#### RECORDED DATA

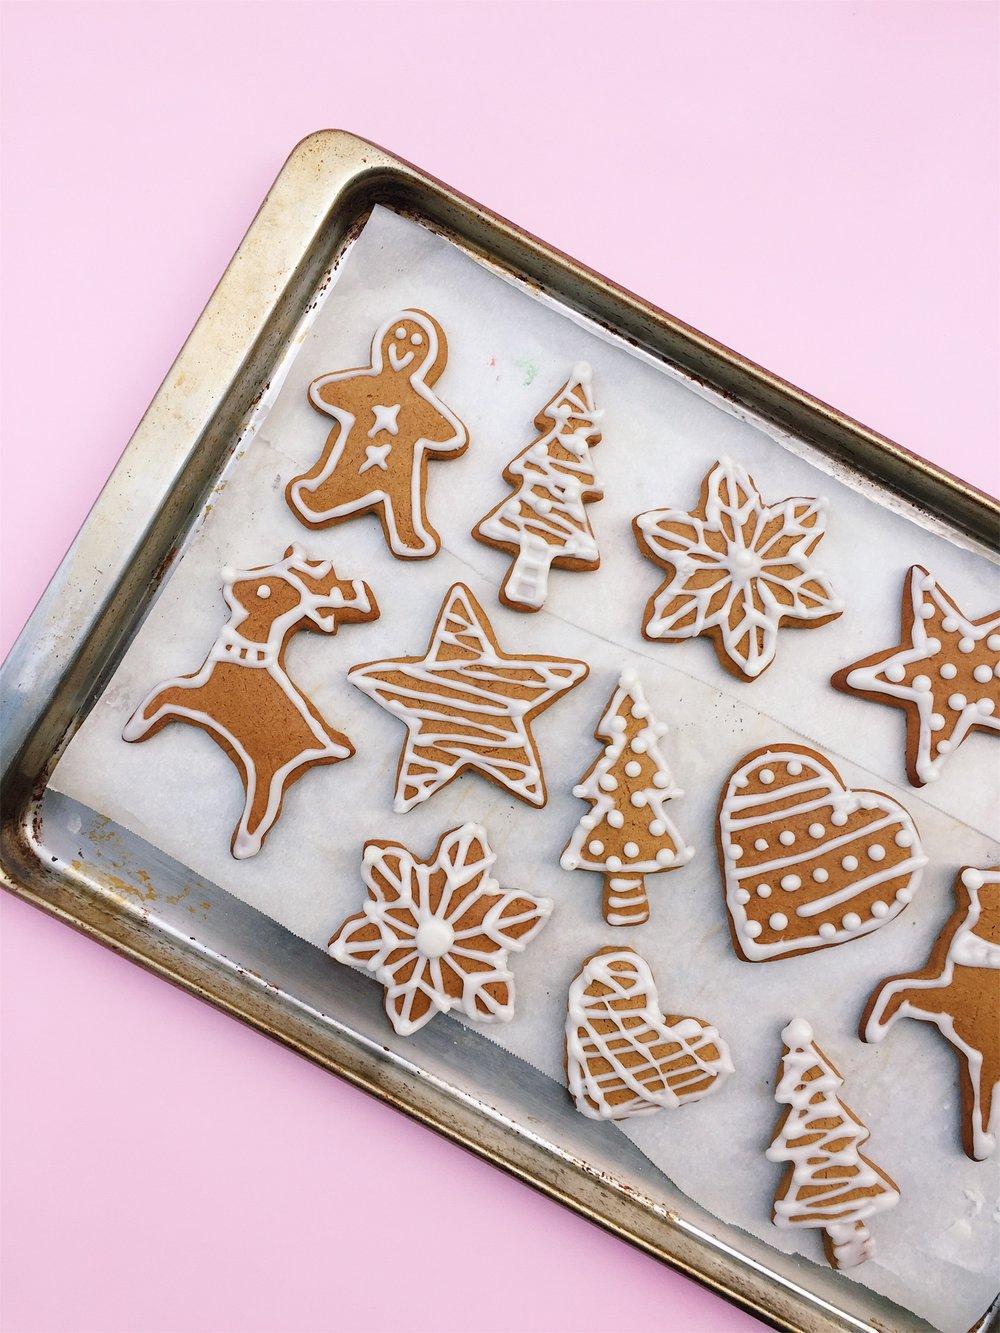 amy_chen_design_2018_highlight_reel_14_gingerbread_cookies.jpeg
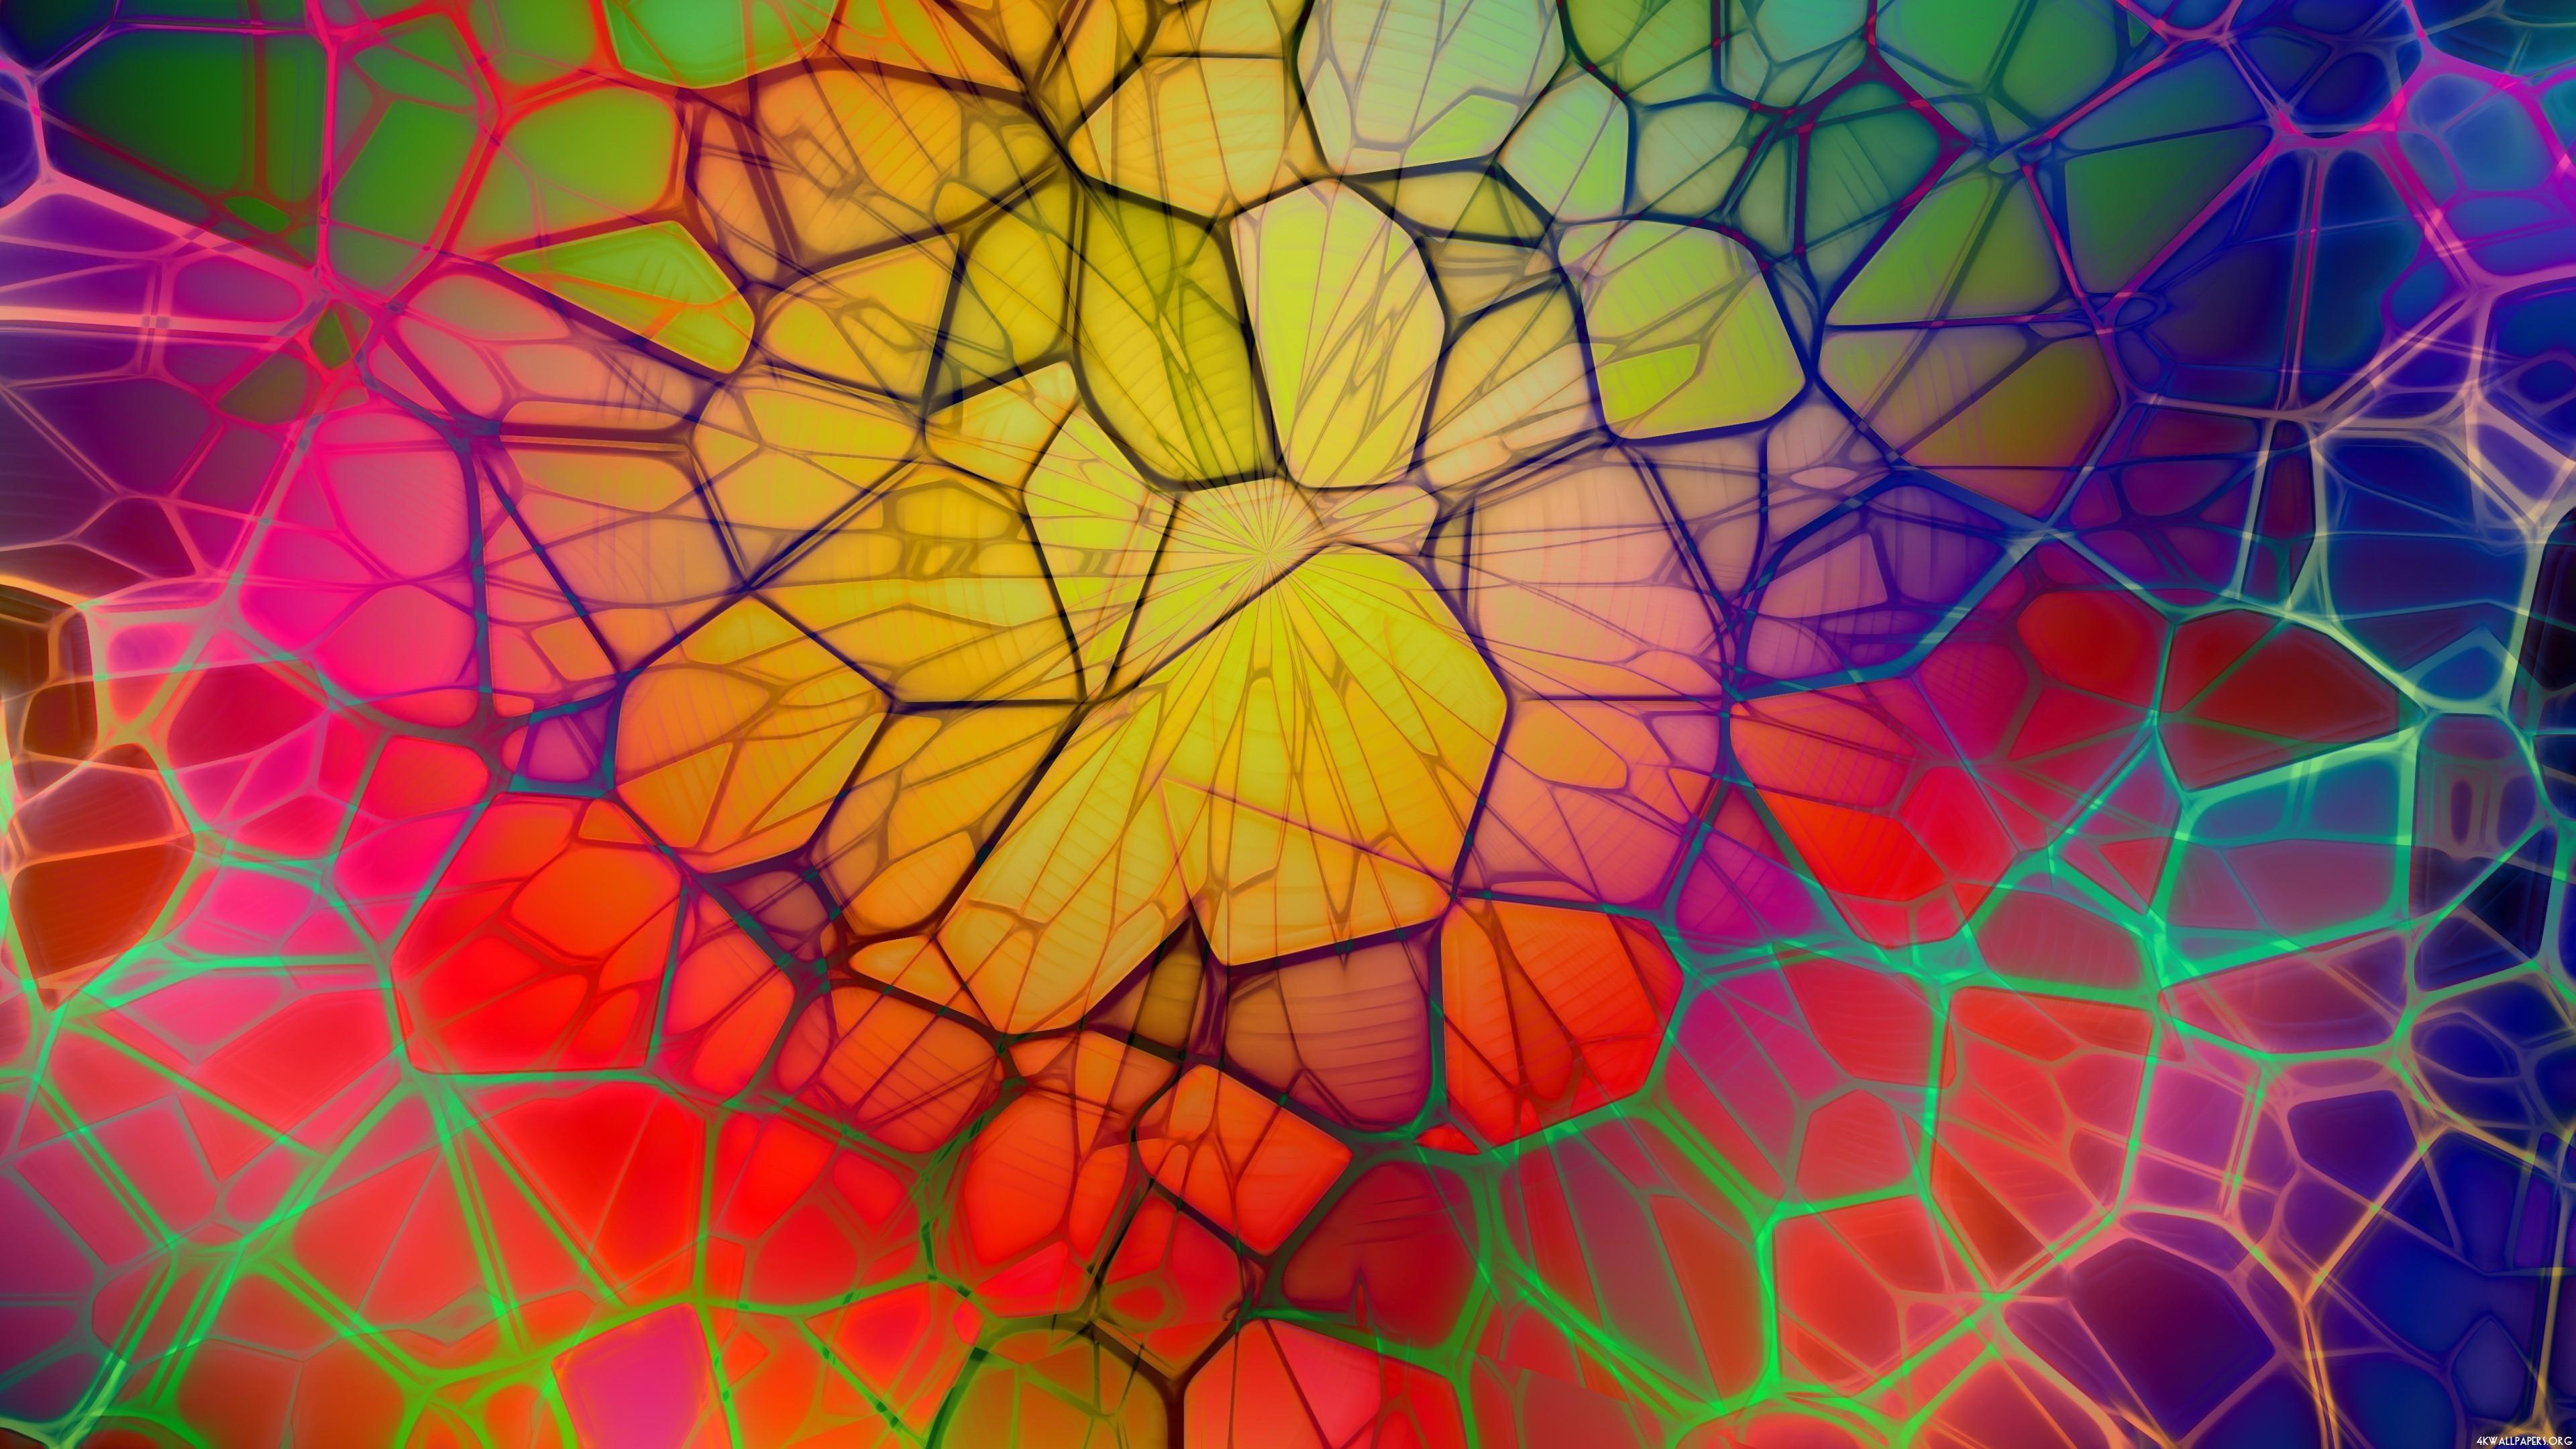 Abstract Painting 4k Hd Desktop Wallpaper For 4k Ultra Hd: Wallpaper : Colorful, Digital Art, Window, Abstract, 3D
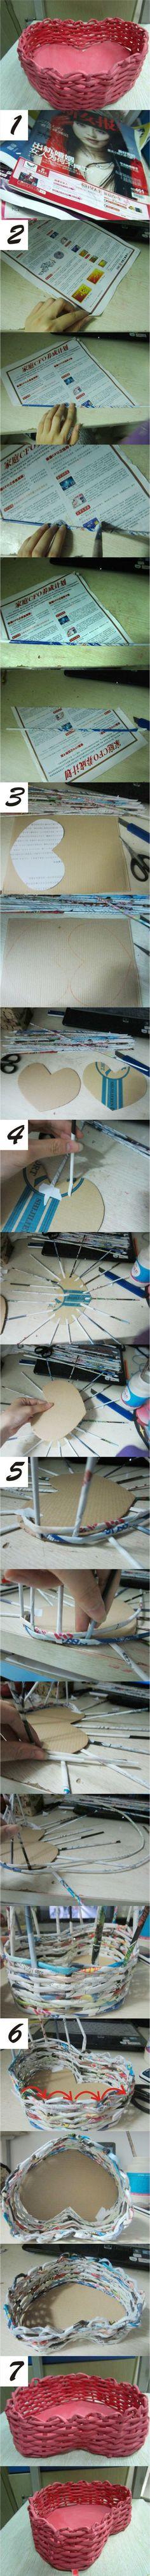 207 best Newspaper, magazine craft images on Pinterest   Basket ...
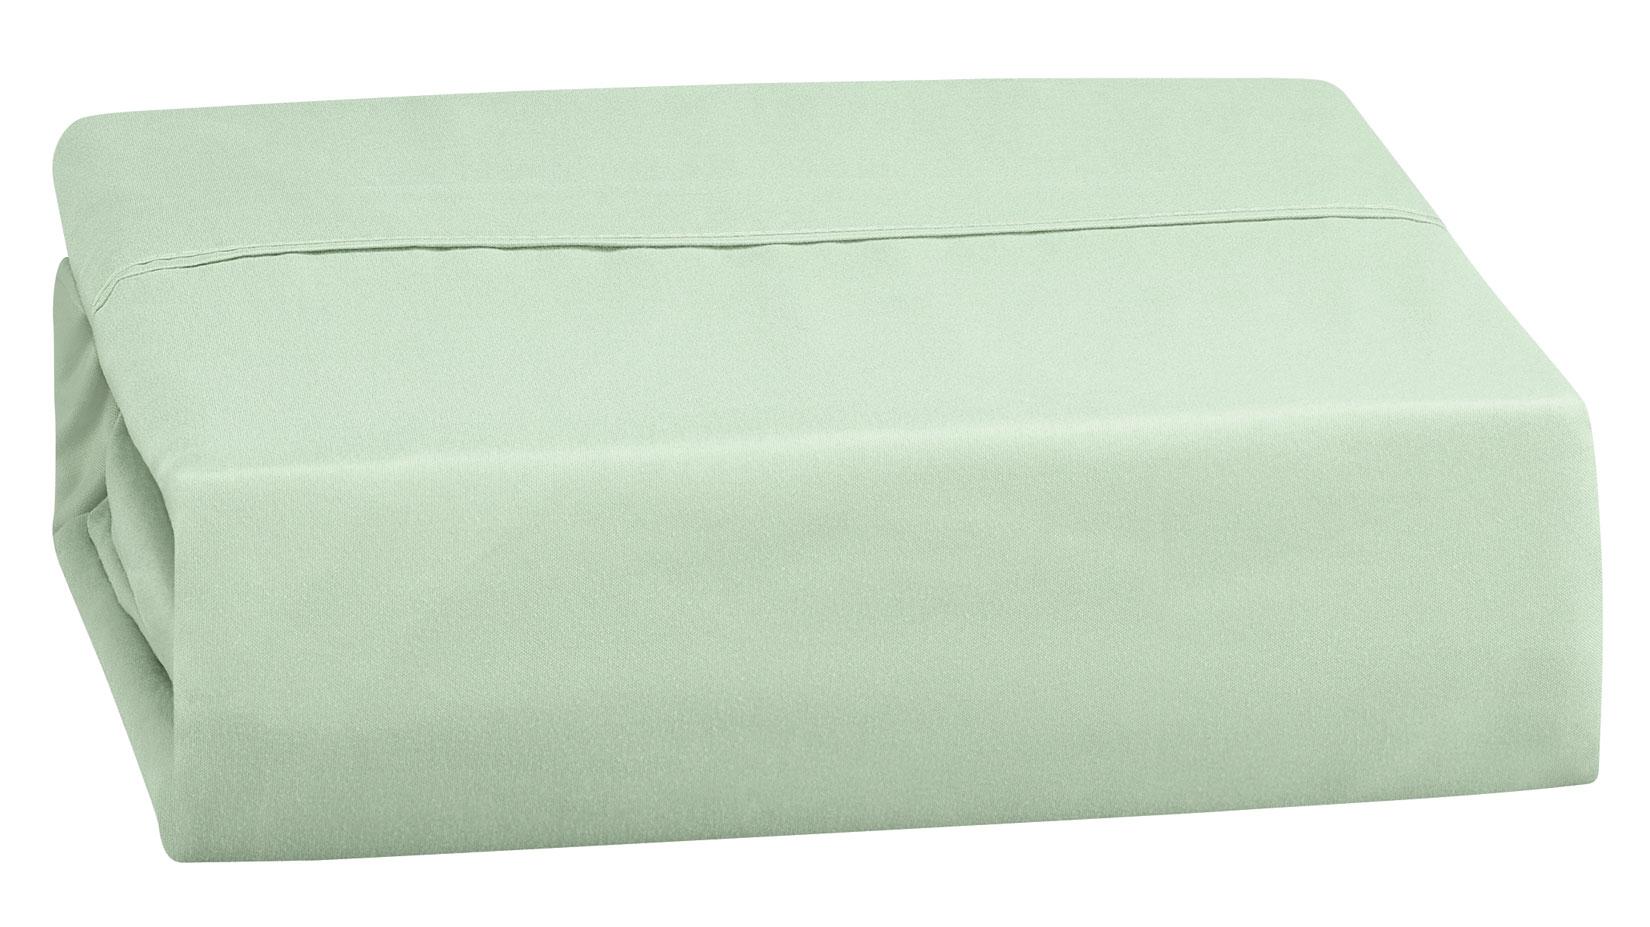 Luxurious-Microfiber-Sheet-Set thumbnail 4

########

**ASSIGNMENT**
Each line of the data above must be reproduced as written. Skip the pictures.

**SOLUTION BELOW**
 amy_chen_design_2018_highlight_reel_14_gingerbread_cookies.jpeg
 Abstract Painting 4k Hd Desktop Wallpaper For 4k Ultra Hd: Wallpaper : Colorful, Digital Art, Window, Abstract, 3D
 207 best Newspaper, magazine craft images on Pinterest   Basket ...
 Luxurious-Microfiber-Sheet-Set thumbnail 4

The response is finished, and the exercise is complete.